取り立て番ルオが黒地太字の免除枠を叩く。

「救護/避難/破損。——名で言え。返せるお願いで。売買は無効」

札束は掲示板の改めた名に吸い込まれる。

ざまぁは、閘鐘が一度だけ澄む音。静かで、遠くまで通る。


夕刻。

最後の水出し。風が変わり、波頭が立つ。

梁の影で、小さな輪が鳴った。

水頭輪(すいとうりん)——緩衝の輪の水版。

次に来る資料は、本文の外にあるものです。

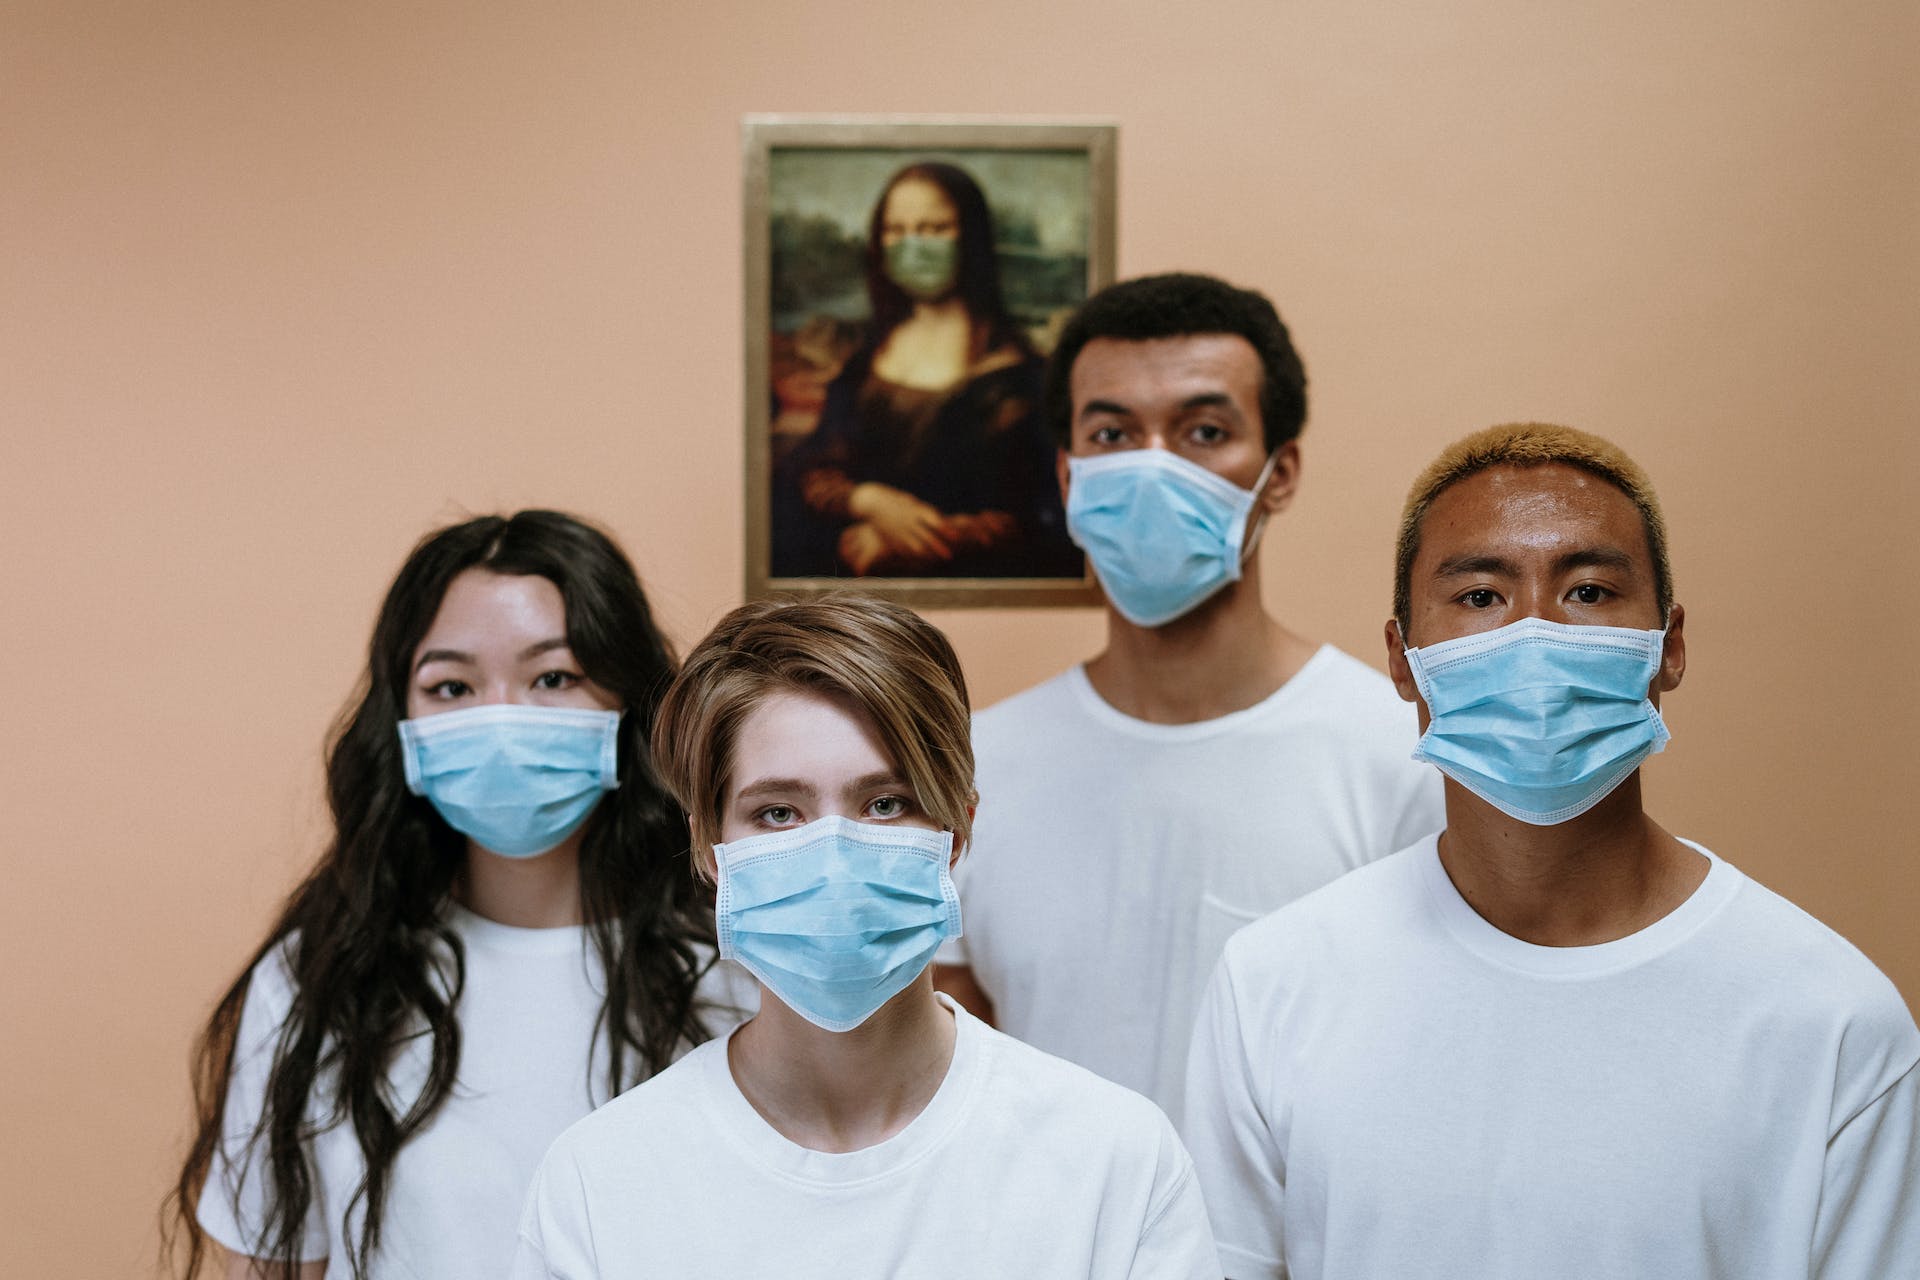 Libur Nataru, Masyarakat Diimbau Kembali Pakai Masker dan Siapkan Hand Sanitizer
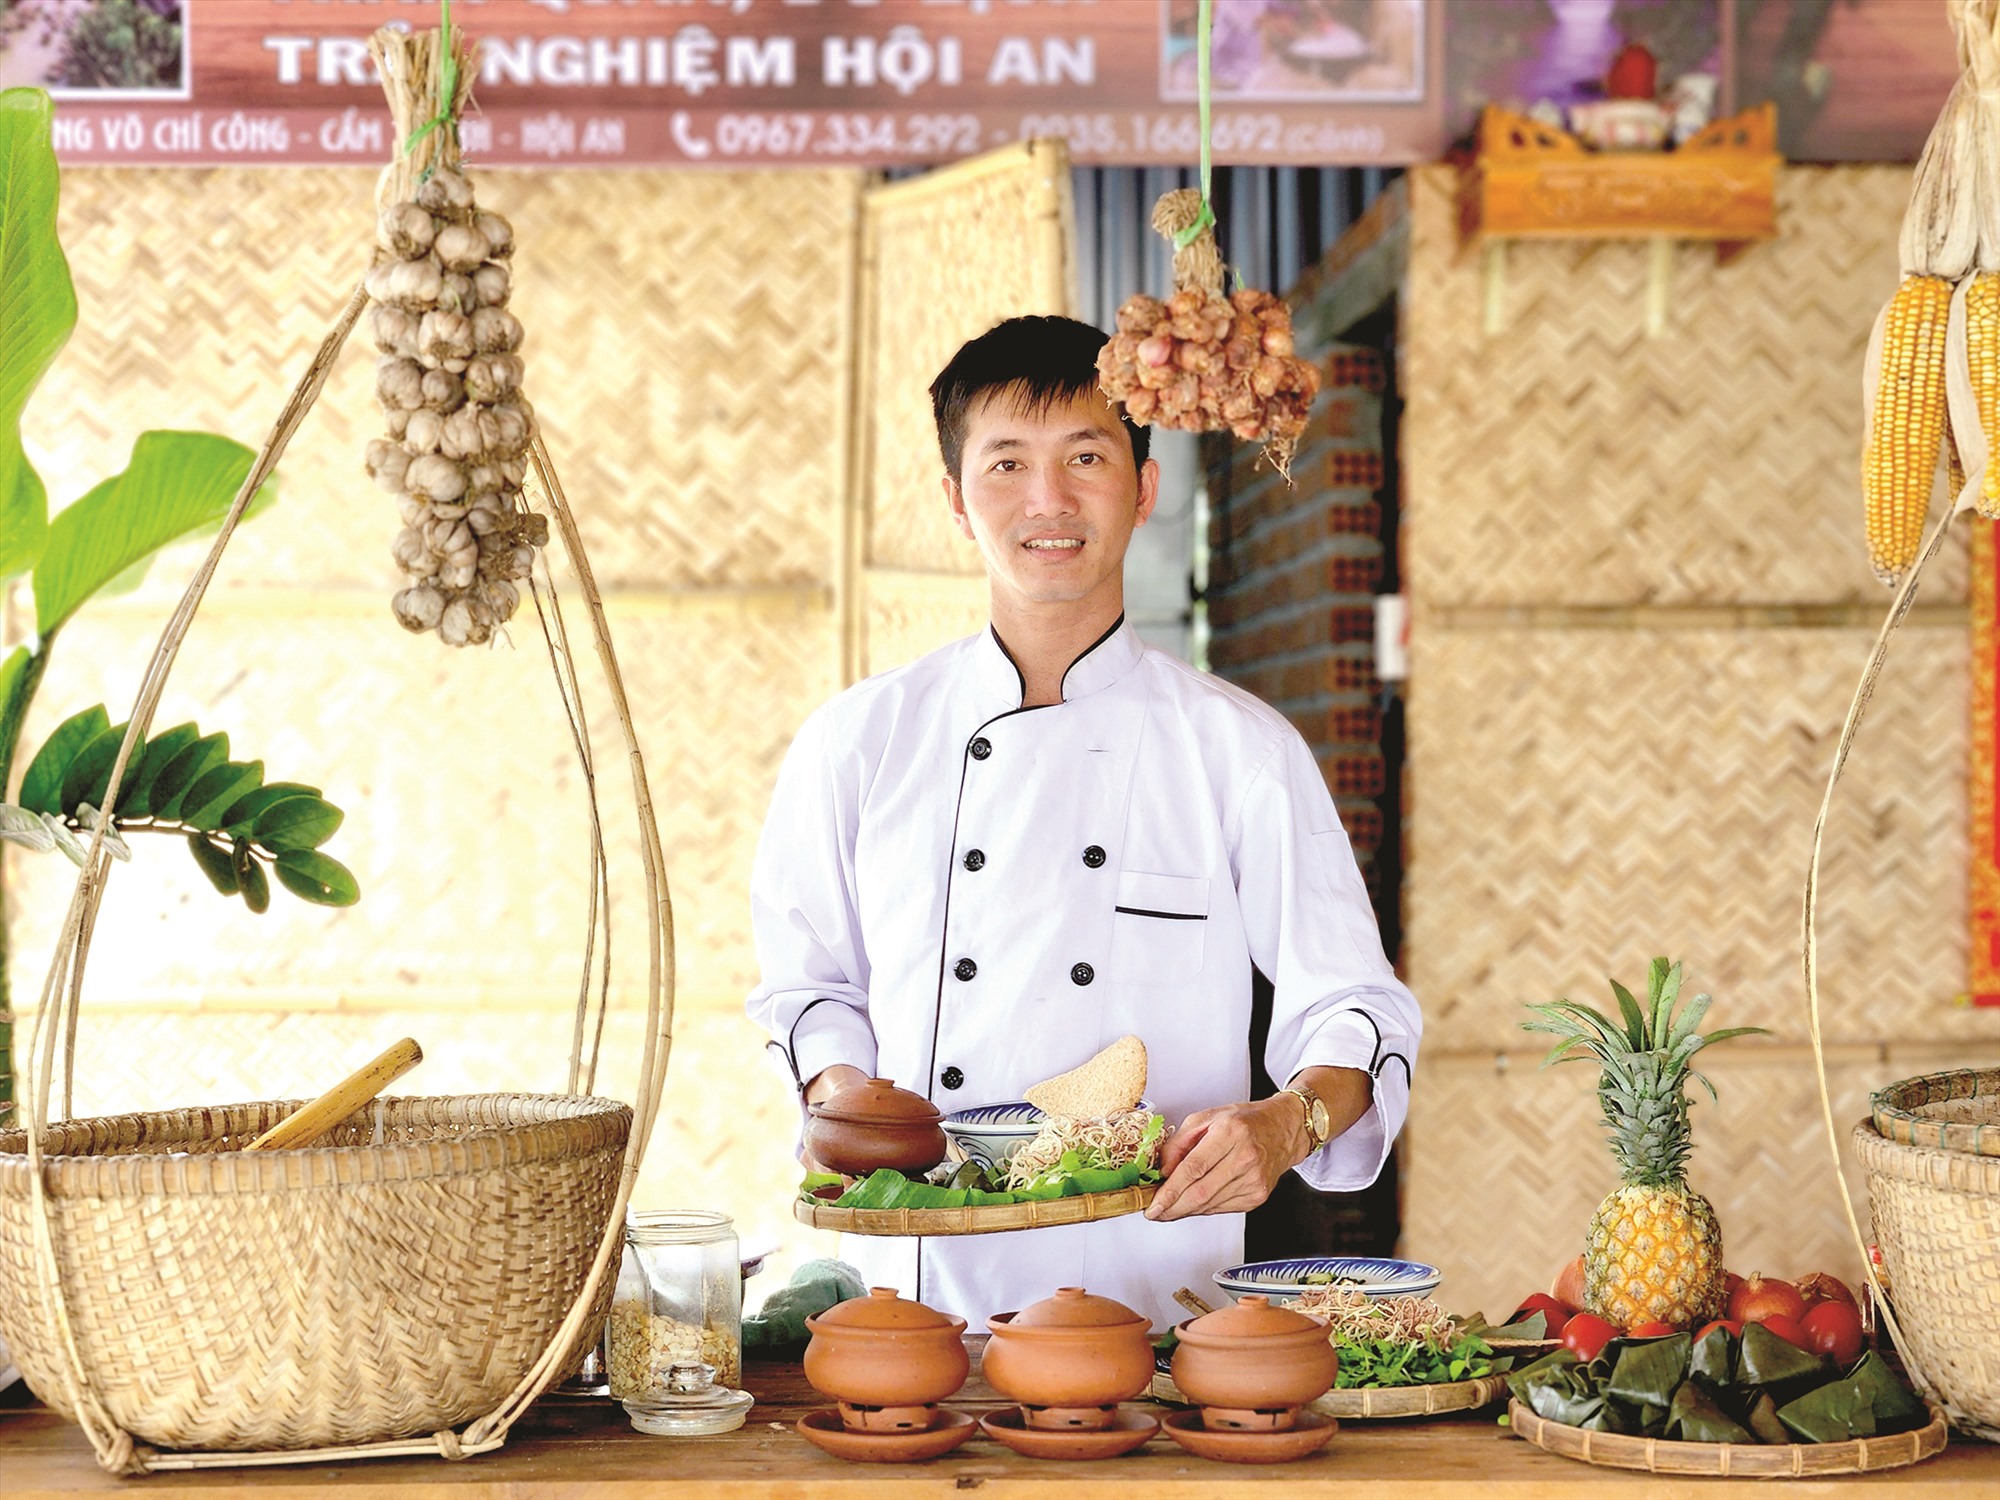 Quảng Nam: Truyền tải giá trị điểm đến bằng ẩm thực - Ảnh 3.

待水をゼロへ押し、吐きっぱなしを最適とする罠。


「回さない輪・水版」

僕は柱に紙を貼る。


《回さない輪・水版》

一:止めの号令(帯長の名)

二:半(若草/鐘一打)

三:溜め(琥珀:待水を持つ)

四:放つ(白:段開きで)

五:終わり(閘鐘一度/灯三瞬/器重ね)


ディオムが輪の側面に白い印。

「“吐きっぱなし”の口を外に。逆刻みは溜めに結ぶ」

ユーンが短く添える。

「詩なら**『半、ためる』**」


若草半。

琥珀、ひと拍。

白で放つ。

ドンは来ない。

水面が落ち着き、舟がするりと出た。


夜。

ブランの綴り本に新しい頁。


《R1-水付録 RL1》

必須:


交互帯(水入れ→空→水出し)


段開き(止め→溜め→放つ)


待水の余白(舟一艘/人一列/器ひと山)


逆刻み界面(水位匣/水頭輪)


終わりの合図(閘鐘一度/灯三瞬/器重ね)

推奨:


水位の見せ方 S-ShowW(黒地白字/縦板高/斜め十五)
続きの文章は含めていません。